• AVAILABLE DATA

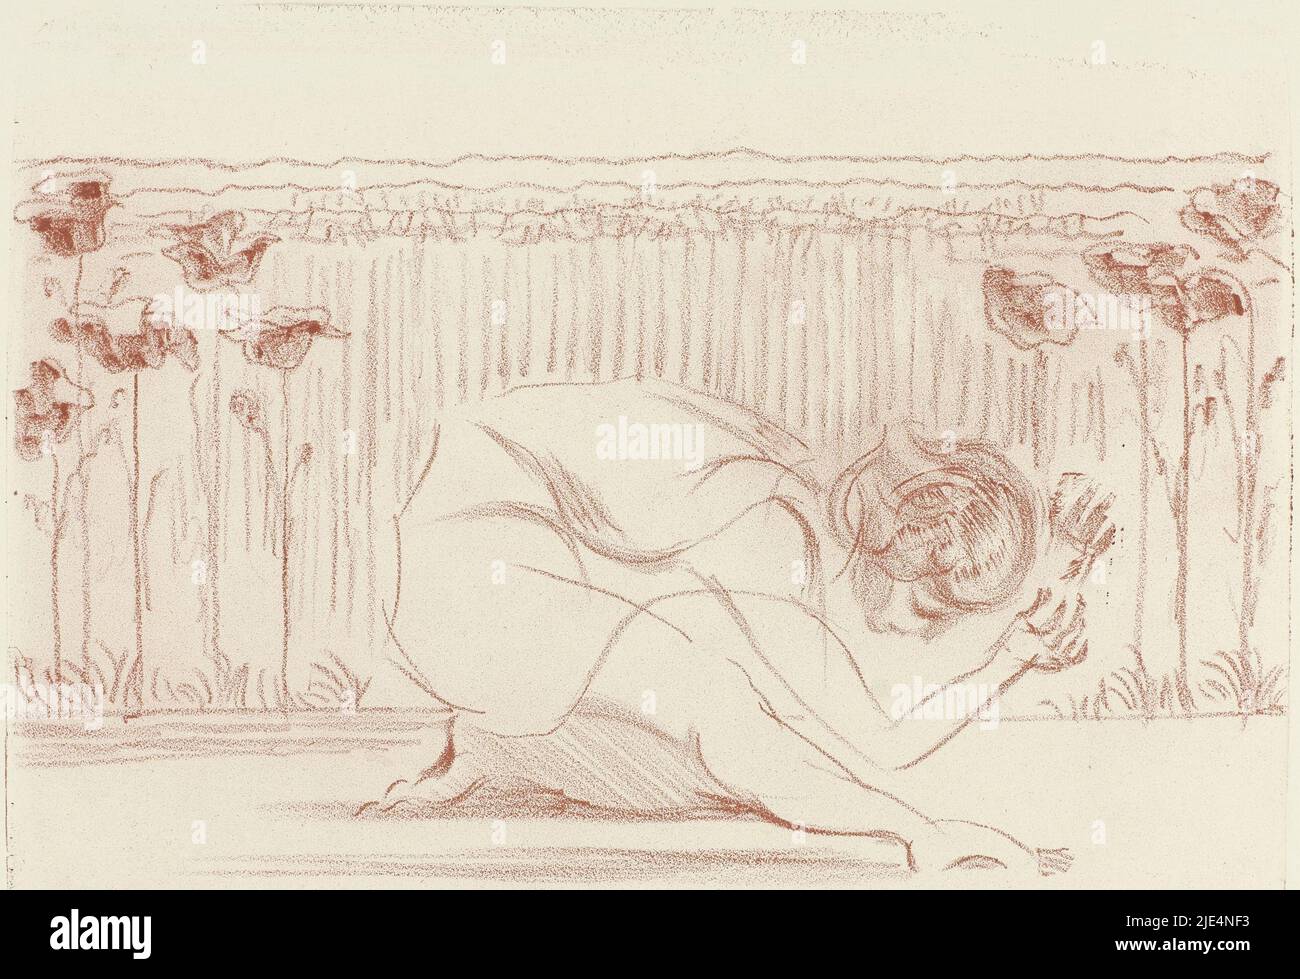 Woman bent forward on her knees with a stretched leg, and profil. Behind her a hedge with flowers, dancing 'May'. Number 1 (original title on object), print maker: Henri Braakensiek, (signed by artist), 1922, paper, h 214 mm × w 269 mm, h 285 mm × w 284 mm Stock Photo
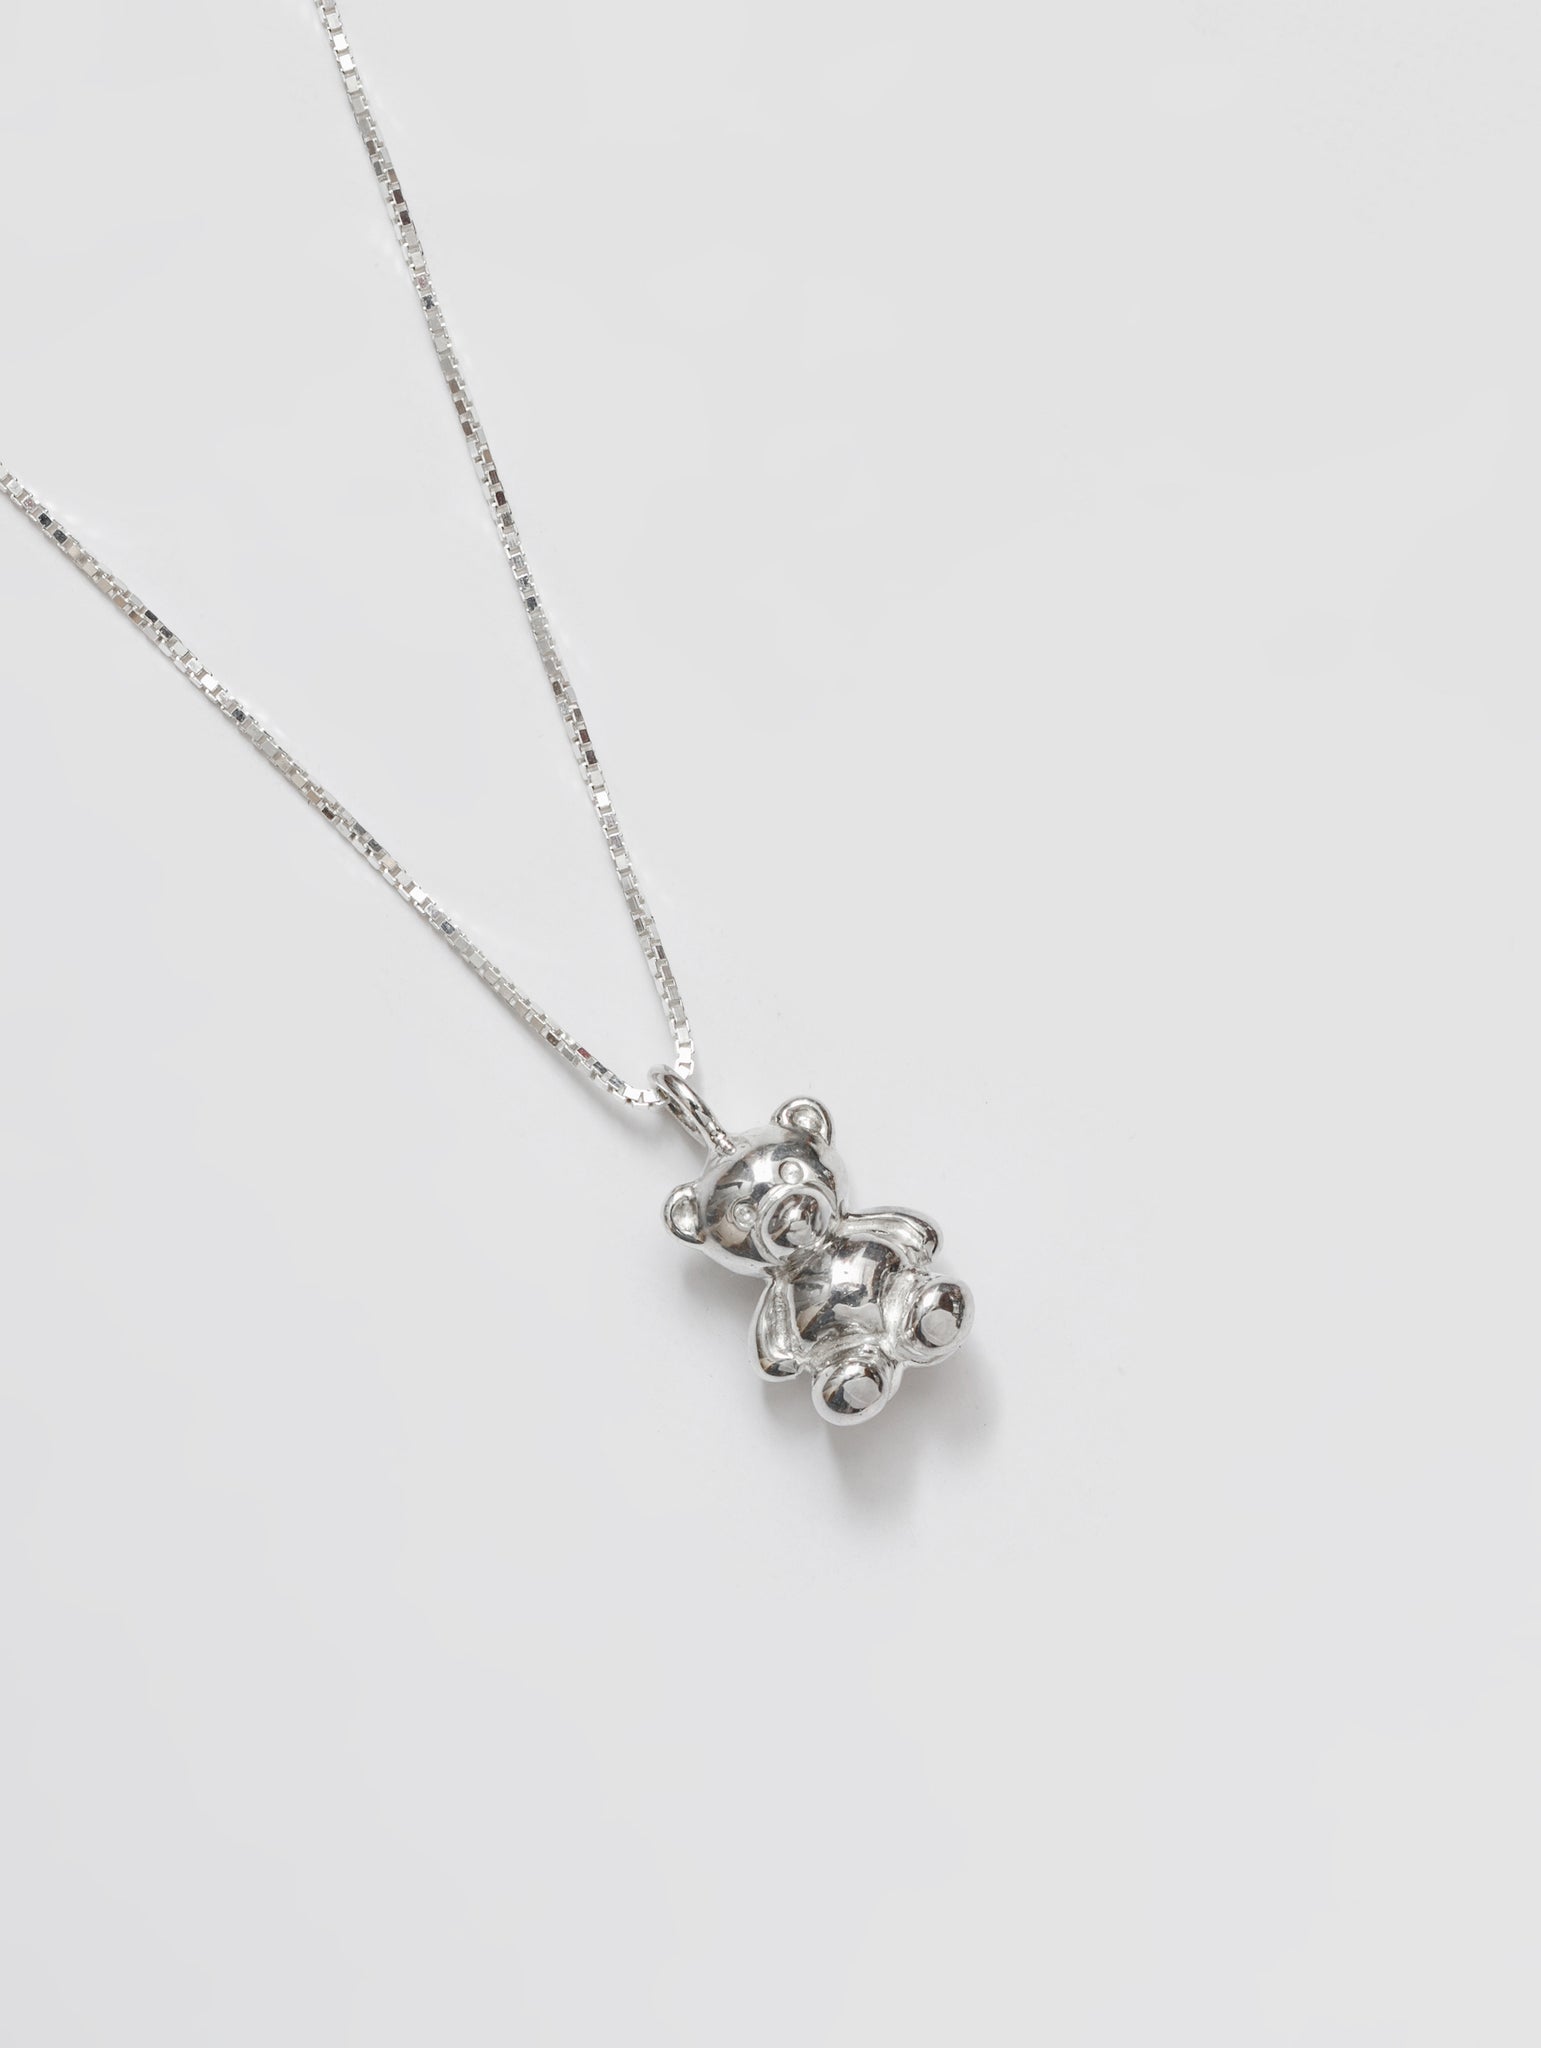 Teddy Bear Charm Necklace in Sterling Silver
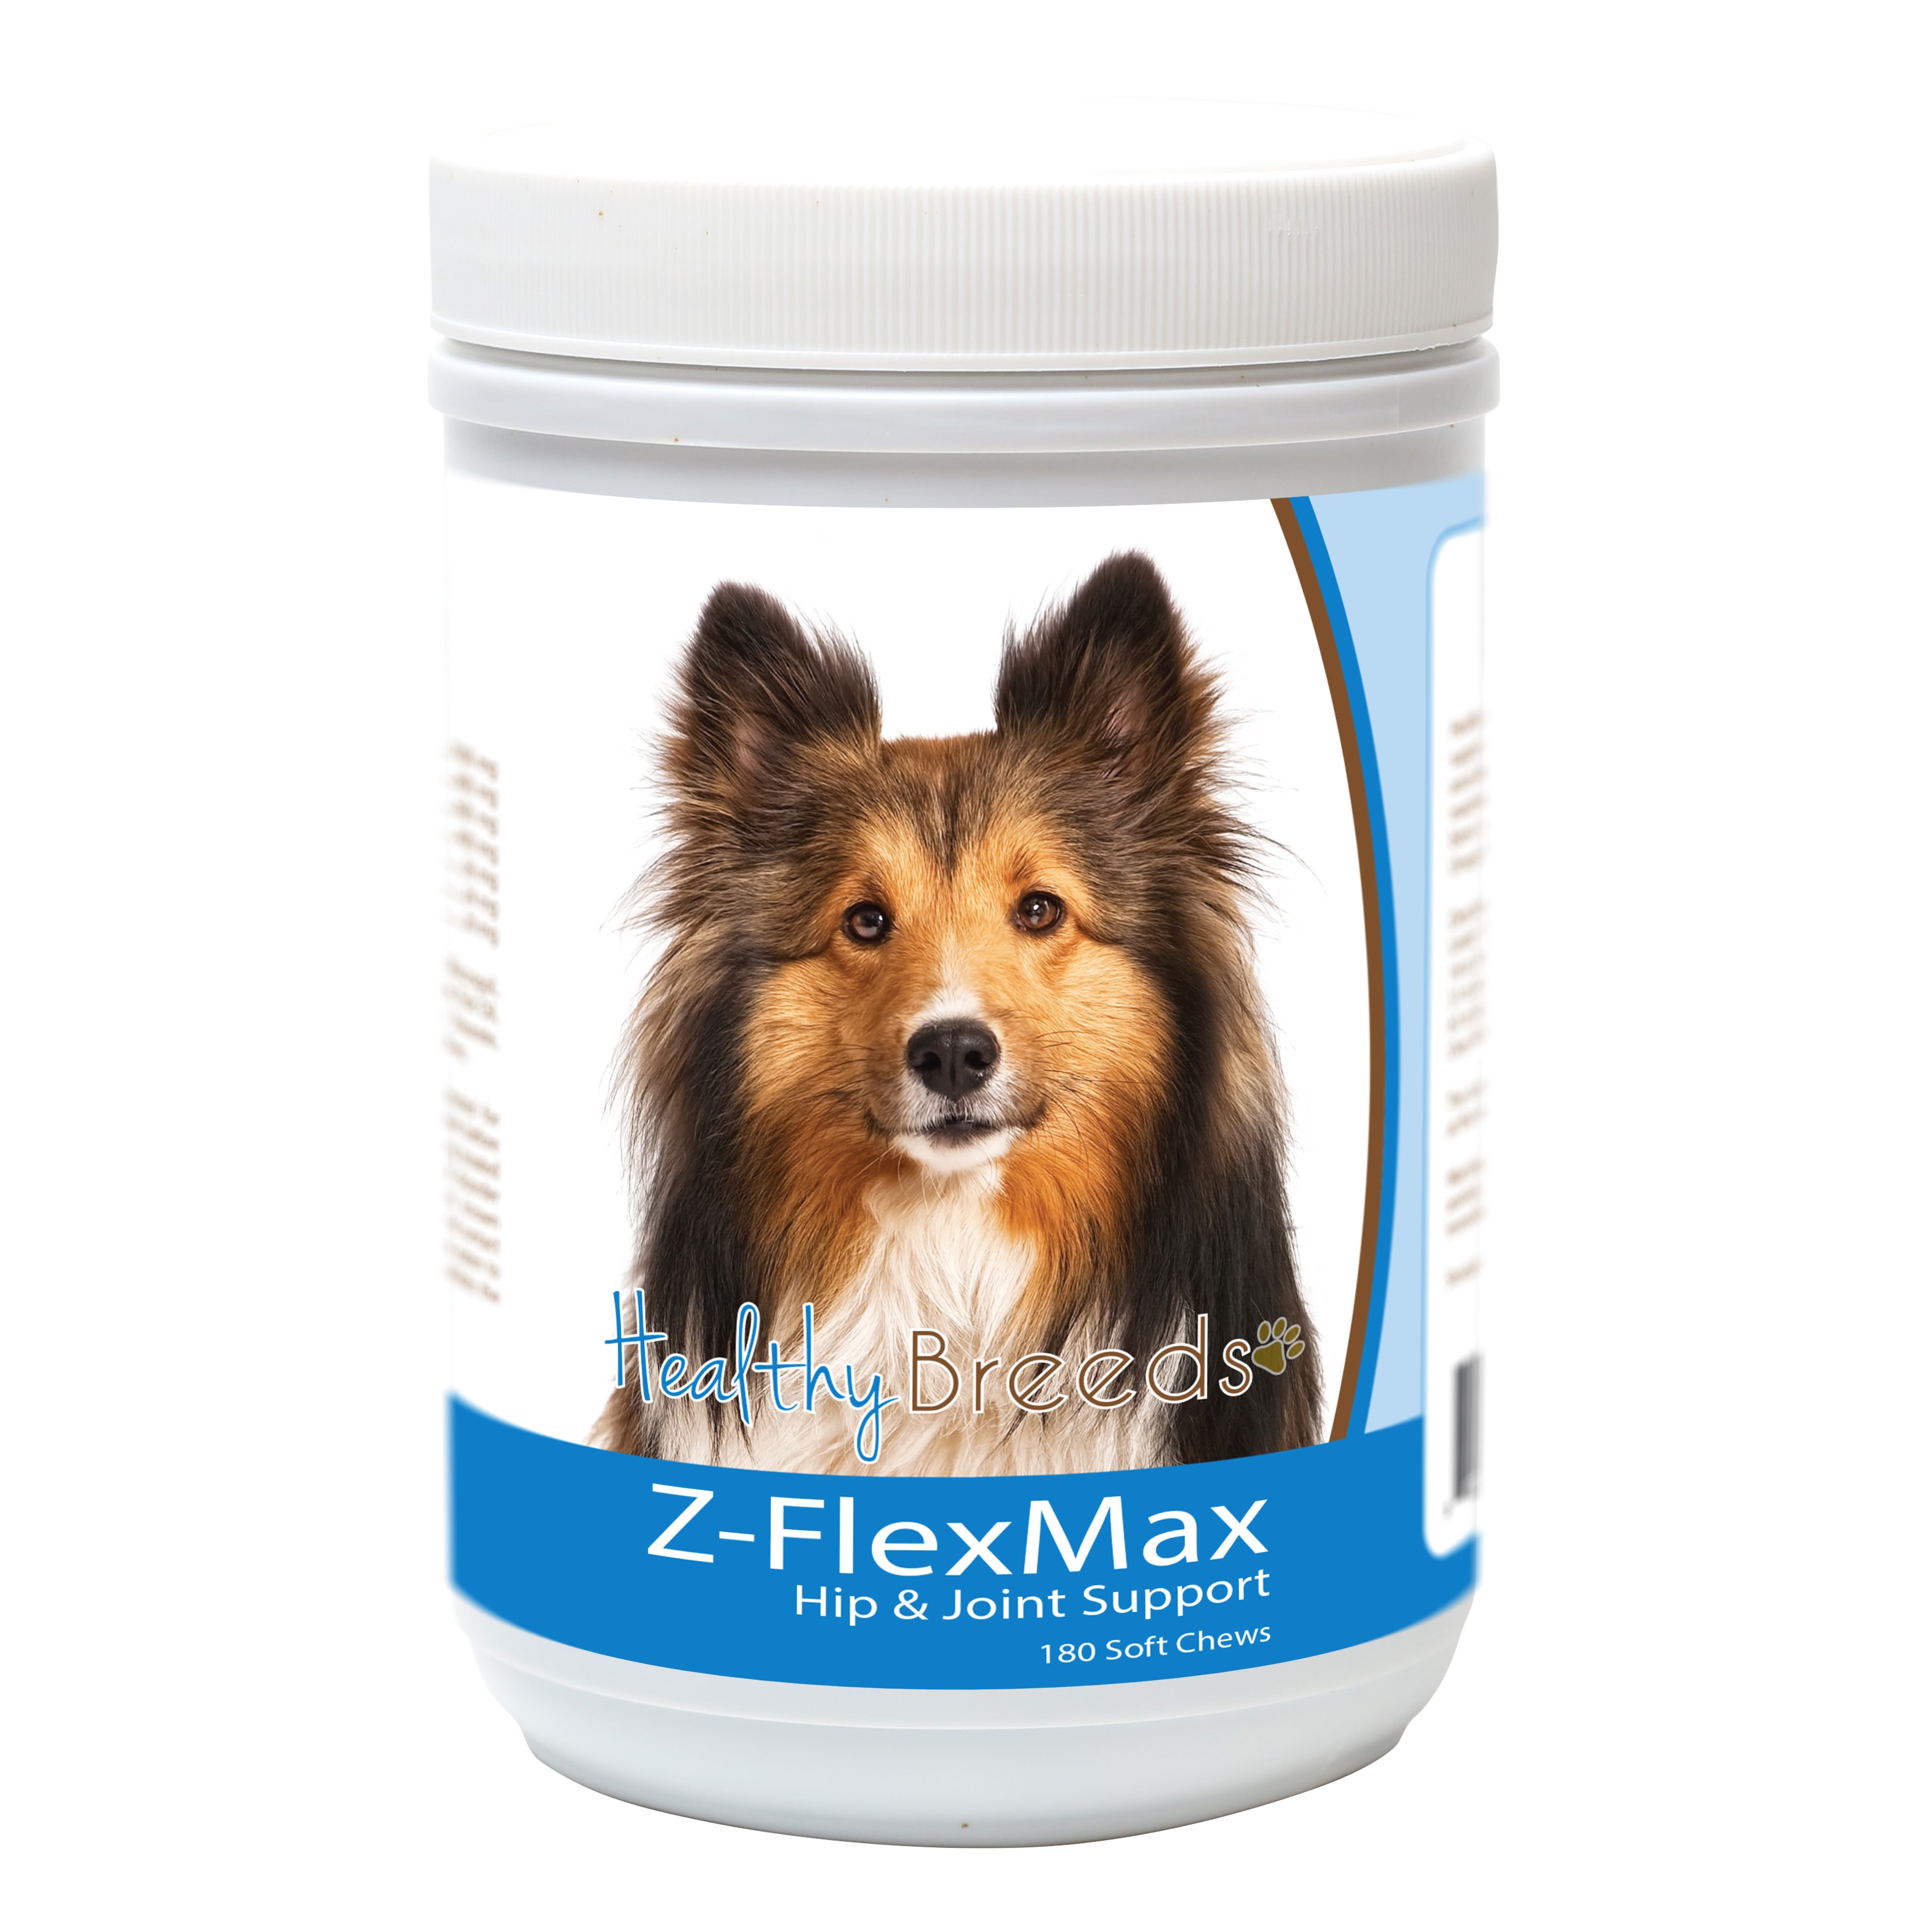 Shetland Sheepdog Z-Flex Max Dog Hip and Joint Support 180 Count

• WHAT YOU WILL DO
Wherever an image sits in the data, omit it; everything else must be copied exactly.

• EXERCISE RESPONSE
 Woman bent forward on her knees with a stretched leg, and profil. Behind her a hedge with flowers, dancing 'May'. Number 1 (original title on object), print maker: Henri Braakensiek, (signed by artist), 1922, paper, h 214 mm × w 269 mm, h 285 mm × w 284 mm Stock Photo
 Teddy Bear Charm Necklace in Sterling Silver
 Shetland Sheepdog Z-Flex Max Dog Hip and Joint Support 180 Count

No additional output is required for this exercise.